Polly couldn’t see her new face but she could feel it: plump lips protruded dreadfully beneath a small, hooked nose, eyeball like blood clot plopped from their sockets with a sickly suck. Her new eyes made her vision sharper, and turned colours vicious against the blackness. The destructive wind had calmed but Polly could hear its chaotic noise gushing in the distance. Then came the shriek. It swept closer and closer, gathering energy to make it stronger, hunting Polly as she stood on weak legs with an unfamiliar head.

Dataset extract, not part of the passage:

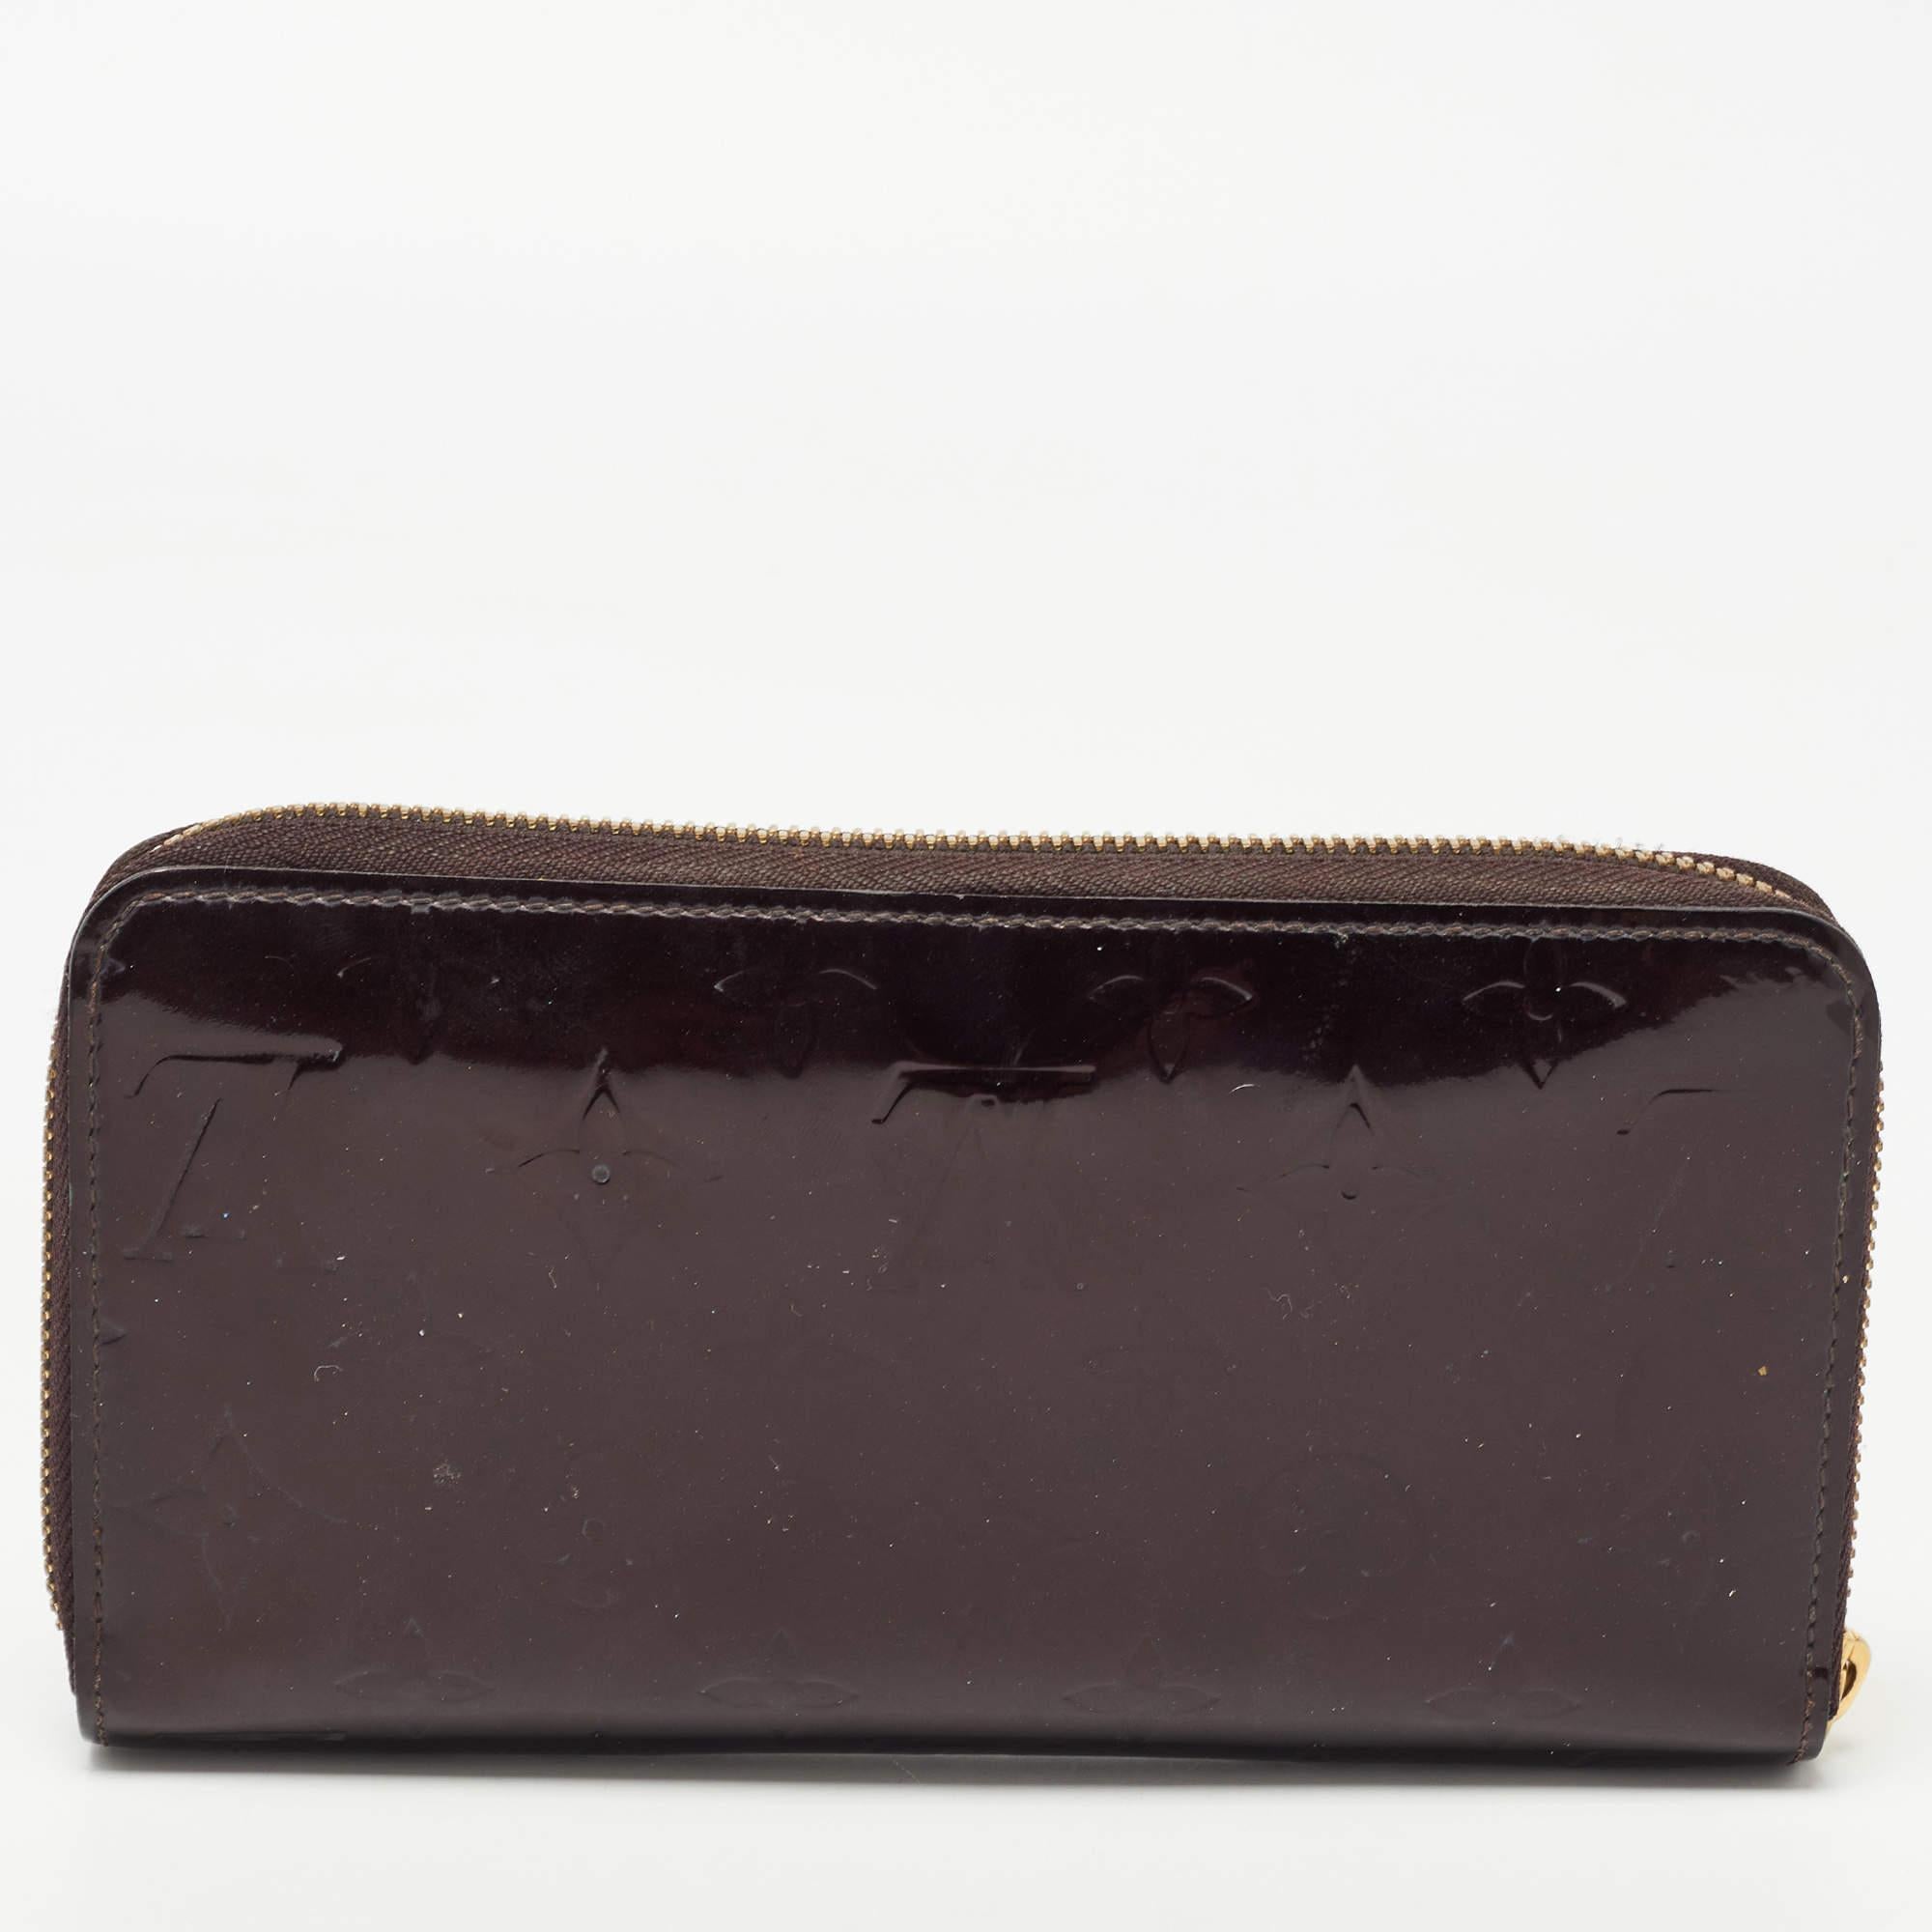 This Louis Vuitton Zippy wallet is conveniently designed for everyday use. Crafted from Amarante Monogram Vernis , it is paired with a zip-around closure and gold-tone hardware. The compartmentalized interior of the wallet will store your card and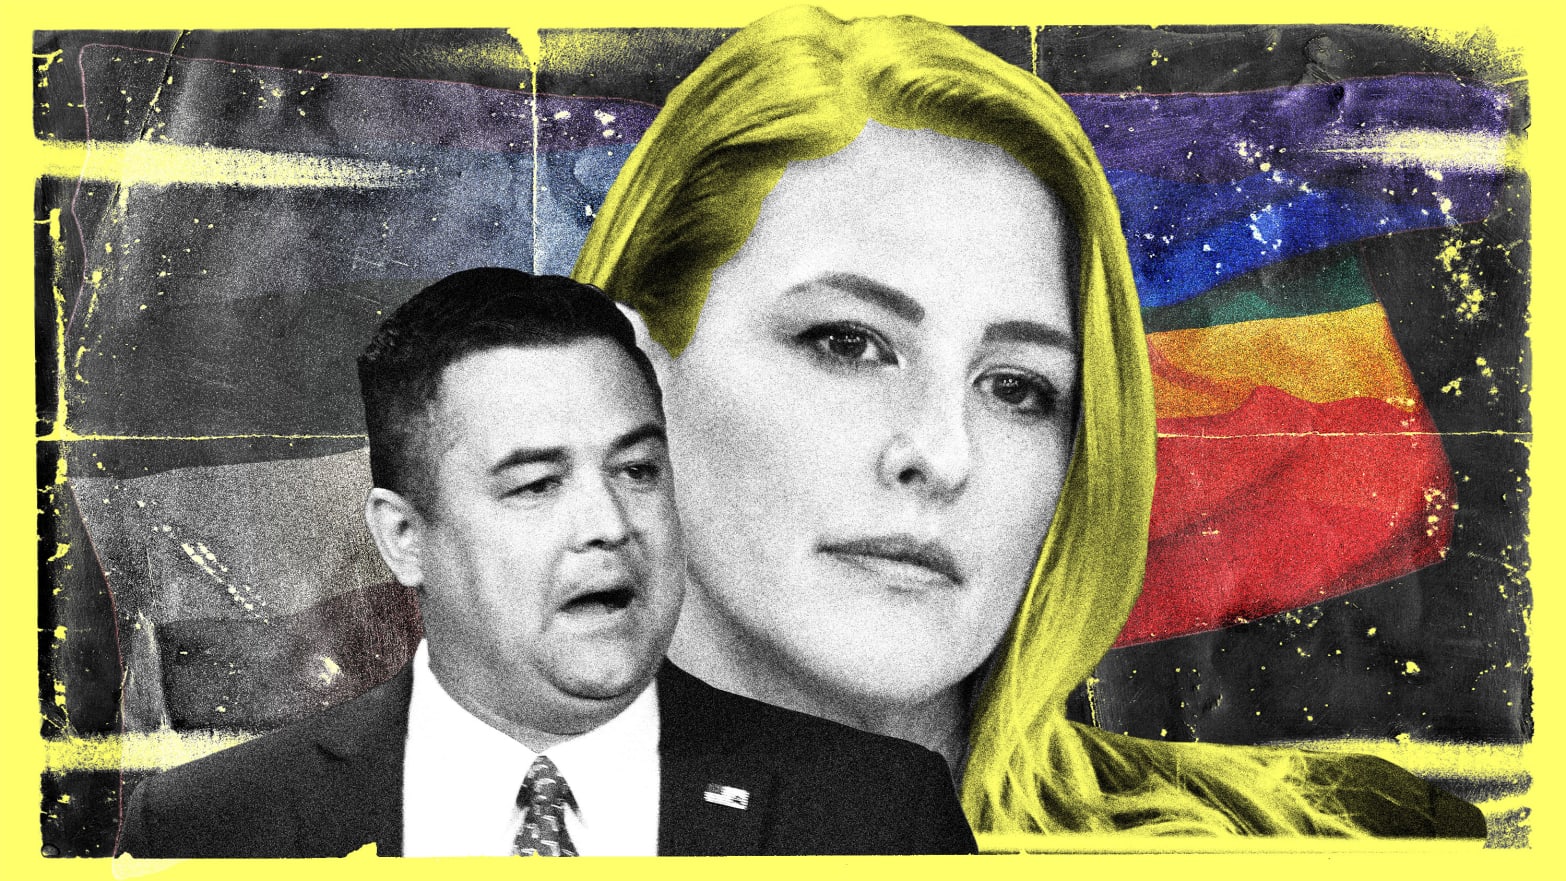 Bridget Ziegler’s Gay Ex-Friends Are Sad About Who She’s Become (thedailybeast.com)

Sharp notes knived the air, waking terror within Polly, pushing the bulging eyeballs further out of her face. Then Polly realised that the wind sounds weren’t that at all; they were the noise of ruffling fabric. In the direction of the chaos Polly saw the monster who had stolen her mother’s skin charging towards her, skirts billowing backwards as the air split to let it through. The veil still hid the face but Polly could see zombie-green eyes glowing beneath it. She was now experiencing something beyond fear, or terror or recognisable emotion. Barbed roots snaked out of Polly’s legs and sank deep into the earth. Her razorwire hair slipped out of place, cutting her arms as it slithered to the ground. The blood-smeared dress she wore was ripped from her body and fed to the scavenging dirt. The monster stood not an inch from Polly, towering over her. Its rotten breath smothered the oxygen causing Polly to choke and gasp. The beast knelt before the trembling girl in her mother’s form, panting like the wolf who caught the rabbit. The eyes were bright and sloppy under the mesh. Hands pulled it away to reveal a mutation of Vivianne’s face. The lips were thin and blade-like, the nose resembled Polly’s new one although larger, the eyes as horrible as they had looked shielded - almost fluorescent against the darkness. The skin was dry as autumn leaves, and scar-like wrinkles distorted any youth that may have been there.
Polly would have run if she weren’t submerged in hungry dirt, she would have screamed if her lungs held enough air. A gnarled finger touched Polly’s lips and the monster’s own puckered into a shushing sound.
“No need to be afraid darling, it’s only me”. It was Vivianne’s voice.